A Machine Learning Prediction Model for the Affinity Between Glucose and Binder

Rajesh KondabalaVijay Kumar Vijay Kumar 

School of Chemistry and Biochemistry, Thapar Institute of Engineering and Technology, Punjab 147004, India

Department of Computer Science and Engineering, National Institute of Technology, Hamirpur 177005, India

School of Chemistry and Biochemistry, Thapar Institute of Engineering and Technology, Punjab 147004, India

Corresponding Author Email: 
rajesh.kondabala@thapar.edu
Page: 
227-233
|
DOI: 
https://doi.org/10.18280/ria.330309
Received: 
6 April 2019
|
Accepted: 
11 June 2019
|
Published: 
10 October 2019
| Citation

OPEN ACCESS

Abstract: 

The glucose is an important source of fuel for the body. The binding affinity is an essential indicator of the interaction of a glucose molecule with its binder. This paper proposes a novel machine learning model for predicting the binding affinity of a small glucose molecule with the binder. Seven regression algorithms were compared on a dataset is generated based on Molecular Mechanics-Generalized Born and Surface Area (MM-GBSA). Through the comparison, Random Forest and Decision Tree were selected for our model, in light of their robustness and accuracy. The established model predicts binding affinity from the interaction properties of compounds and glucose, which are obtained through GLIDE program from Schrödinger software suite 2018-4. Finally, the prediction accuracy of our model was confirmed through k-fold cross-validation. Our research provides an efficient and low-cost method for screening of molecules during the development of glucose binders.

Keywords: 

machine learning, regression, prediction models, glucose binder, binding affinity

1. Introduction

Supra molecular chemistry continues to grow with an accelerated pace in biomolecular recognition [1]. It was made possible in developing a synthetic receptor for glucose recognition by mimicking the properties of naturally available glucose binding proteins [2]. Glucose is an essential carbohydrate and standard part of the daily meal. The brain of an organism uses half of the glucose amount present in our body. It involves in many diseases such as diabetes [3], hyponatremia [4], seizures [4], and cancer [5, 6]. It plays a significant role in the biological process such as the development of multicellular organisms, cell infection pathogens, distribution, and reactivity of proteins within host cells [7, 8]. Homeostasis of glucose concentration in tissues is essential for the normal functioning of our body. The imbalance of glucose concentration leads to severe health conditions. Monitoring glucose levels/concentration helps patients to keep control over their glucose levels through diet. Hence, there is a need to develop new techniques that will help in improving human health quality [9, 10]. Novel glucose binding molecules are required for developing these types of techniques. Binding affinity plays a crucial role that decides the fate of compound interaction towards glucose molecules. It is a challenging issue to recognize the glucose molecule in a solvent. Because of its abundant hydroxyl groups on glucose molecules and their interaction with the surrounding solvent medium makes a difficult task for designing a novel synthetic receptor [11, 12].

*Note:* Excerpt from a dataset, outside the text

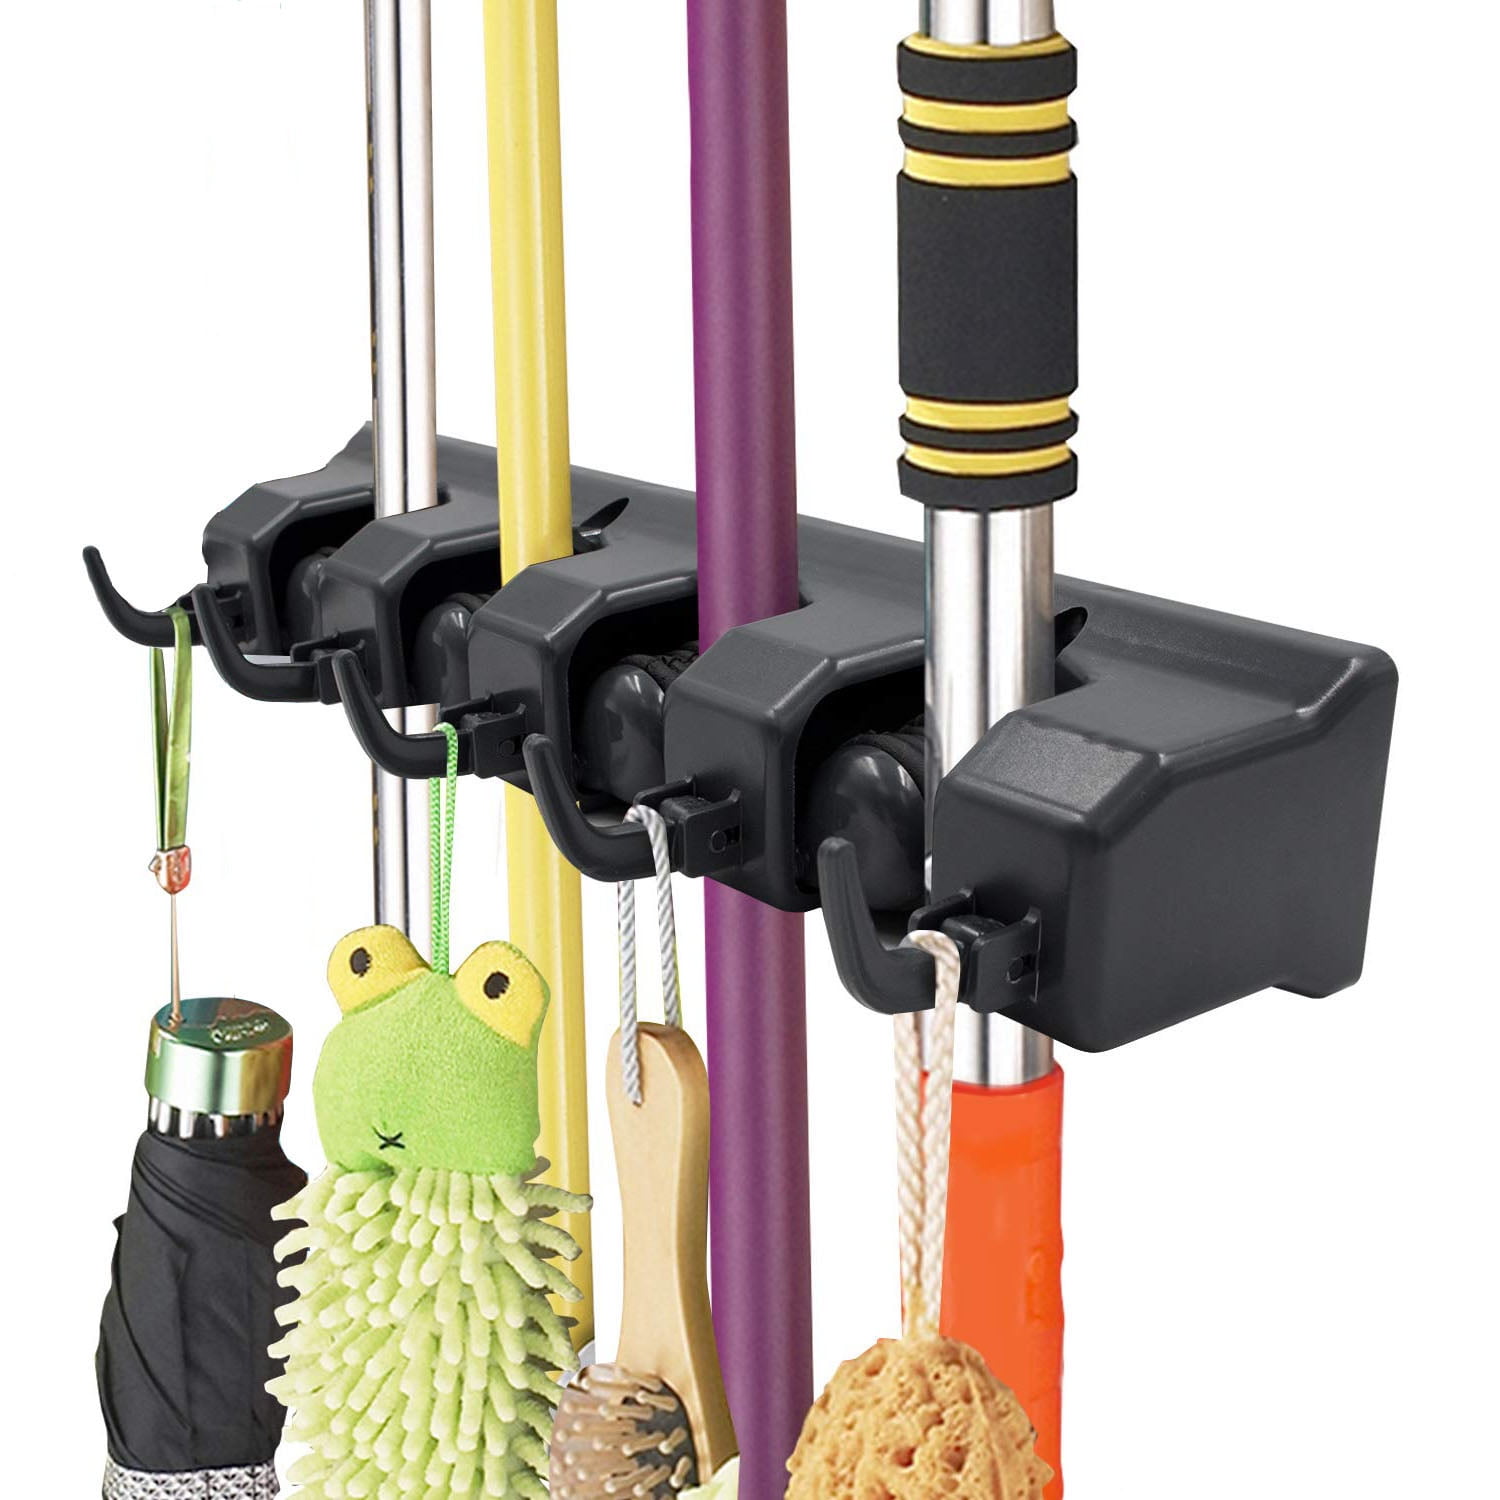 2-in-1 Wall Mounted Mop and' Broom Rack Holder Hanger Organizer with 6 Hooks

In this paper, a novel computational model is developed for predicting the binding affinity of a small glucose binder molecule. The proposed prediction model reduces not only computational time but also reduces the preliminary cost for the screening of molecules during the development of a novel glucose binder. The proposed dataset is generated by utilizing the basic concept of Molecular Mechanics-Generalized Born and Surface Area (MM-GBSA) [13]. The proposed computational model predicts binding affinity from the interaction properties of compounds and glucose. Those molecular interaction properties between glucose and small molecules are obtained through GLIDE [14] program from Schrödinger software suite 2018-4. K-fold cross-validation [15] is performed to measure the robustness of the best predictive model. The two well-known prediction techniques namely Random Forest [16], and Decision Tree [17] are utilized for the construction of the proposed framework which is more accurate and robust.

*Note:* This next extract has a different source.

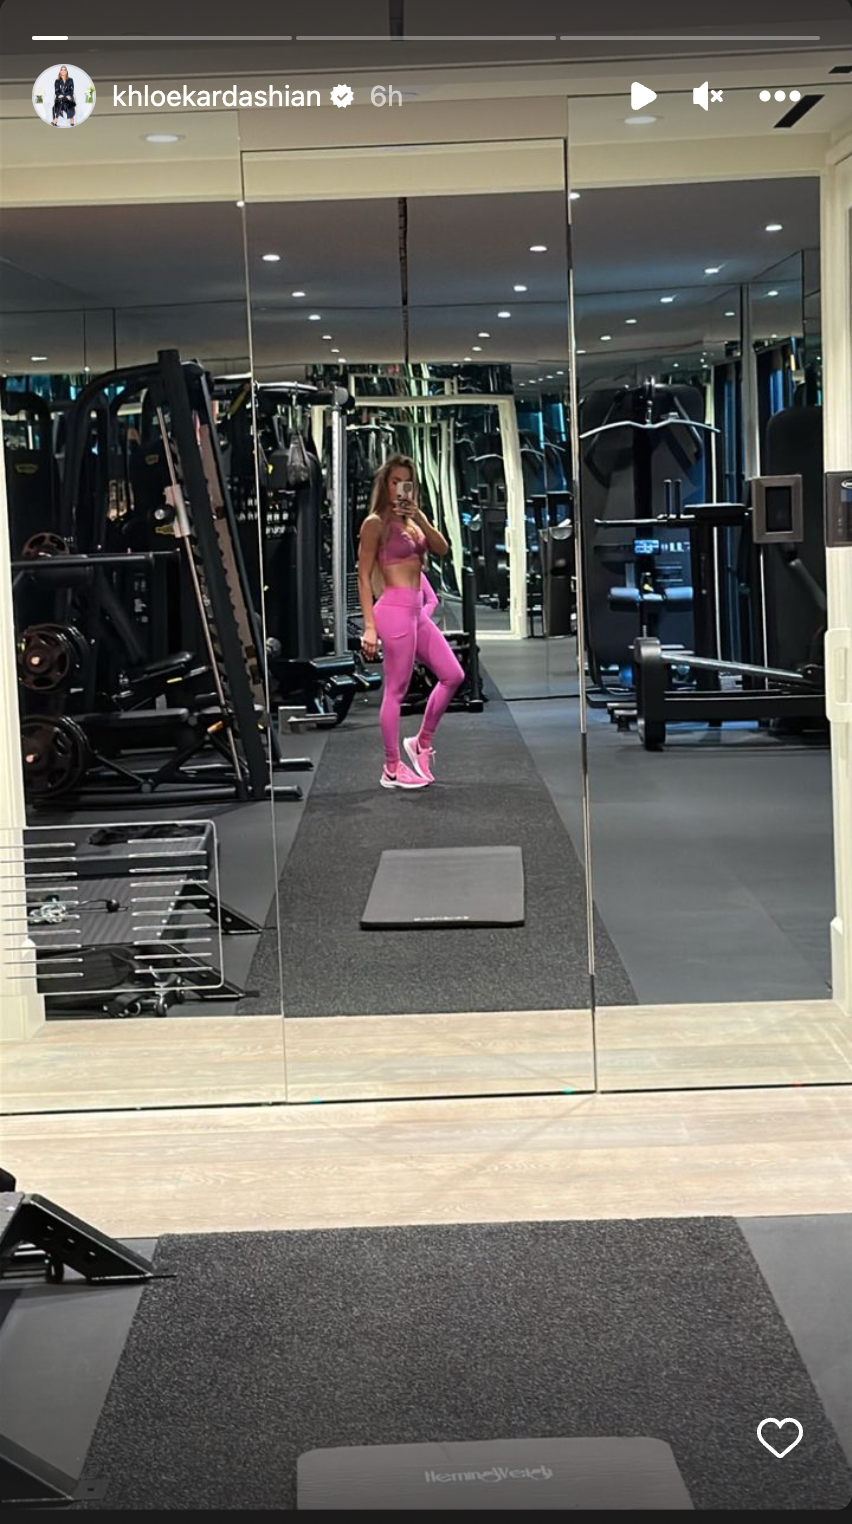 Khloe Kardashian flaunts her butt and abs in the gym

The remaining structure of this paper is organized as follows. Section 2 describes the preliminary concepts of the glucose molecule. The proposed computational prediction model is presented in Section 3. Experimental results and discussions are presented in Section 4. The concluding remarks are drawn in Section 5.

2. Background

This section describes the natural glucose binding proteins followed by machine learning techniques.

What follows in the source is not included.